Rambling Rose
Manage episode 501943148 series 3540370
Last Sunday, Tony asked me to suggest a word of the week to him. Thinking of summer, vacations, and light sunny days, and for me early childhood memories, I was reminded of a song from the long ago. So I said, “ramble.” And we were off on a week of rambling.
A few of our readers on Monday suggested songs to look at for today, but I already had the tune in mind. It was a big hit for a singer whose music I associate with my childhood, though almost all of his greatest hits were released a good while before I was born. Today’s delightful silky-voiced crooner was Nat “King” Cole, one of my father’s very favorites, as I likely have mentioned before.
Nat Cole came by his musical talent naturally, you might say.
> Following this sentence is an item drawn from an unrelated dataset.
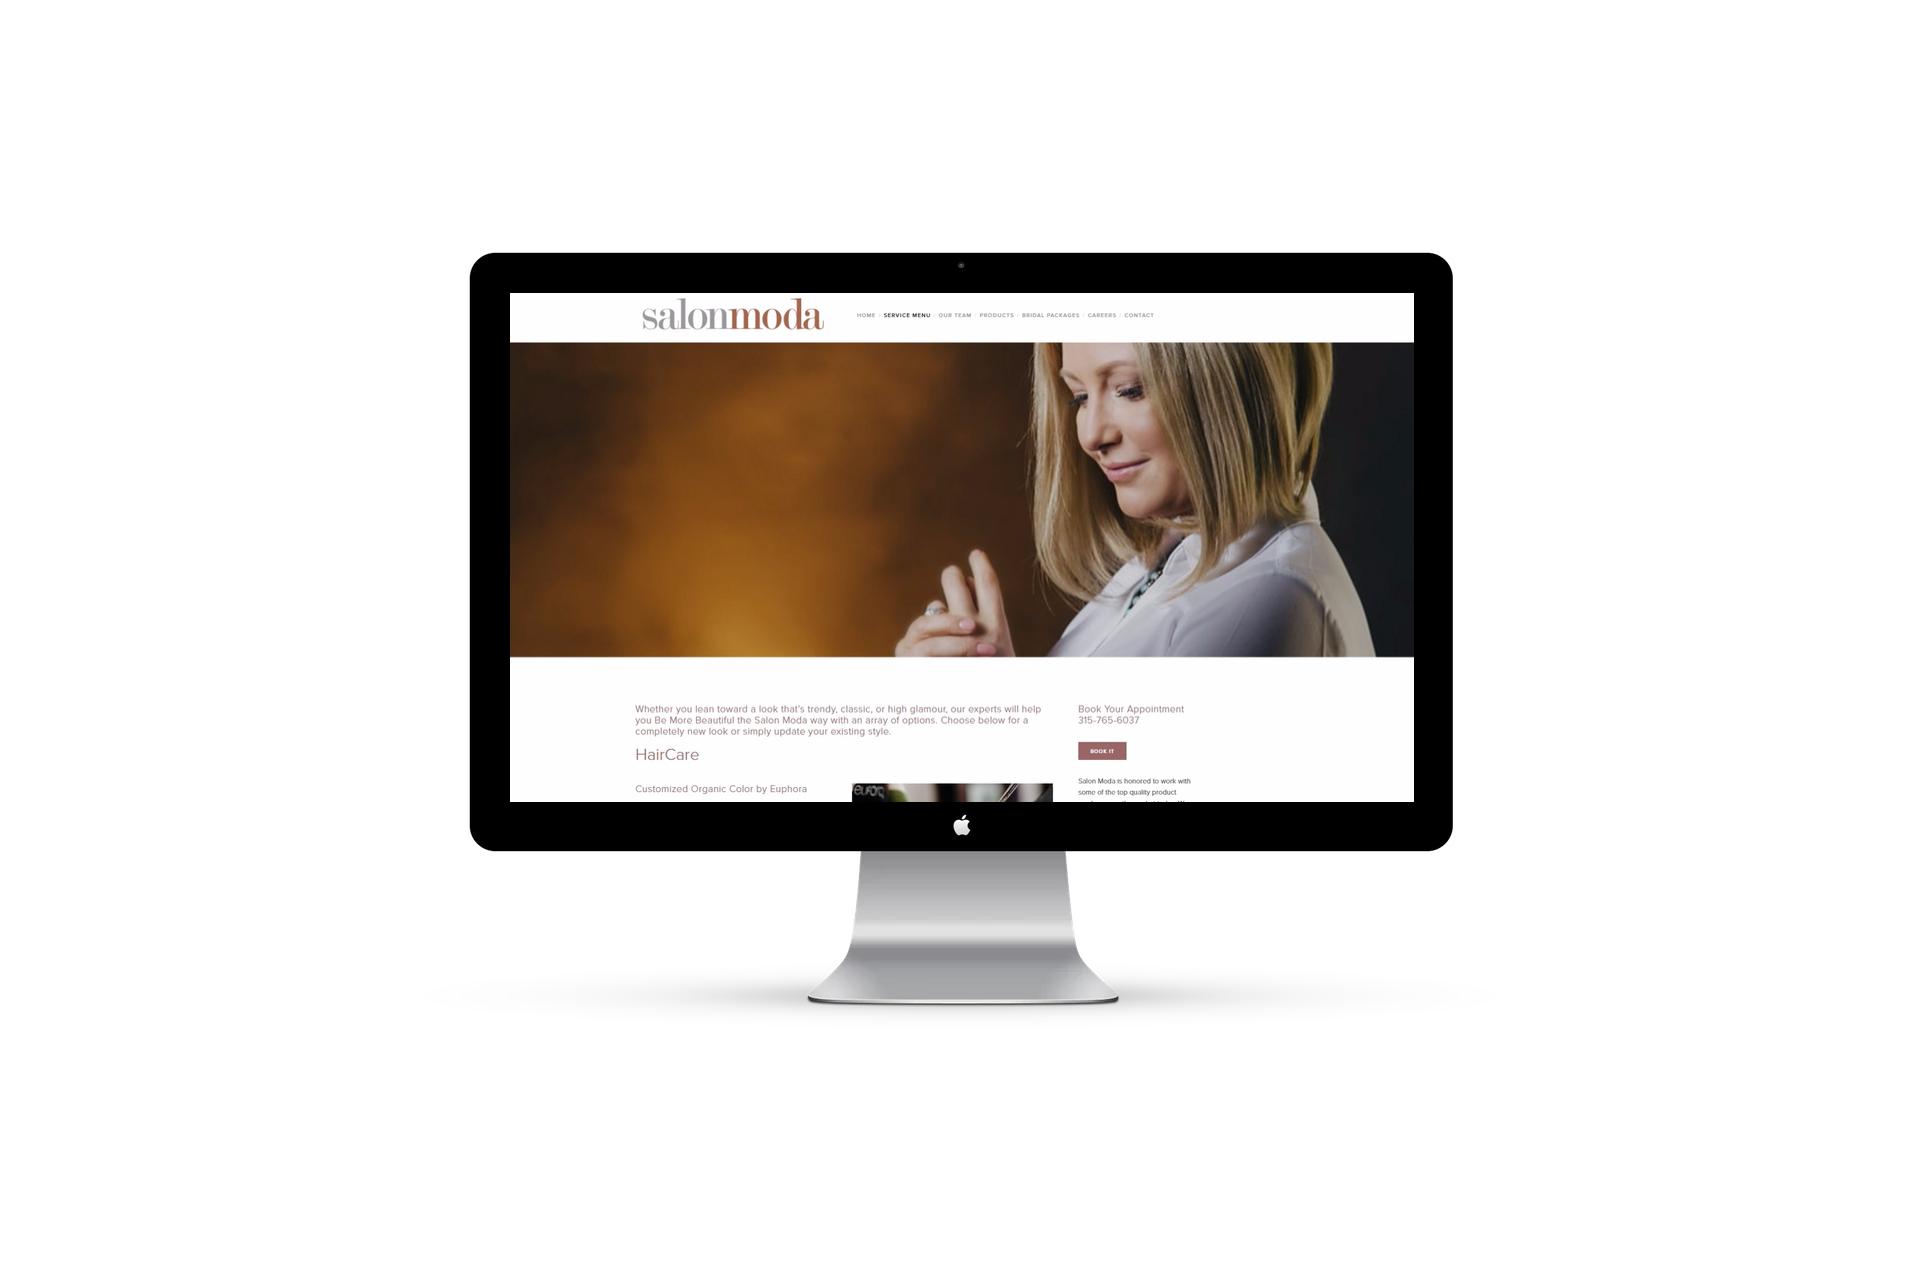 Hair salon website design

He had no classical vocal training, but as the second-eldest son of a Baptist preacher and the church organist, he was raised in a musical household, and so of course were his siblings. Three of Nat’s brothers also became professional singers or musicians, and all of them first learned to play from lessons with their mother. Nat’s younger brother, Freddy, studied music formally at the Roosevelt Institute in Chicago, as well as at Julliard, in New York. He earned an M.A. in music from the New England Conservatory of Music in Boston. Nat’s elder brother, Eddie, was a skilled pianist and bass player, who had a seventy-year-long career as a musician and entertainer. Eddie and Nat worked together as The Rogues of Rhythm, one of the several jazz combos that Nat organized in the 1930’s. Nat’s younger brother Ike played piano and drums in his youth, did a stint in the US Army Band, formed a jazz combo of his own, and made a living as a musician in Las Vegas and on television. He was the pianist for Natalie Cole’s tremendously successful tribute to father’s music in her Grammy-sweeping 1991 album, “Unforgettable.” In many ways Natalie Cole was her father’s greatest tribute, because she inherited Nat’s silky voice and carried on the family tradition in song until her own death at age 64.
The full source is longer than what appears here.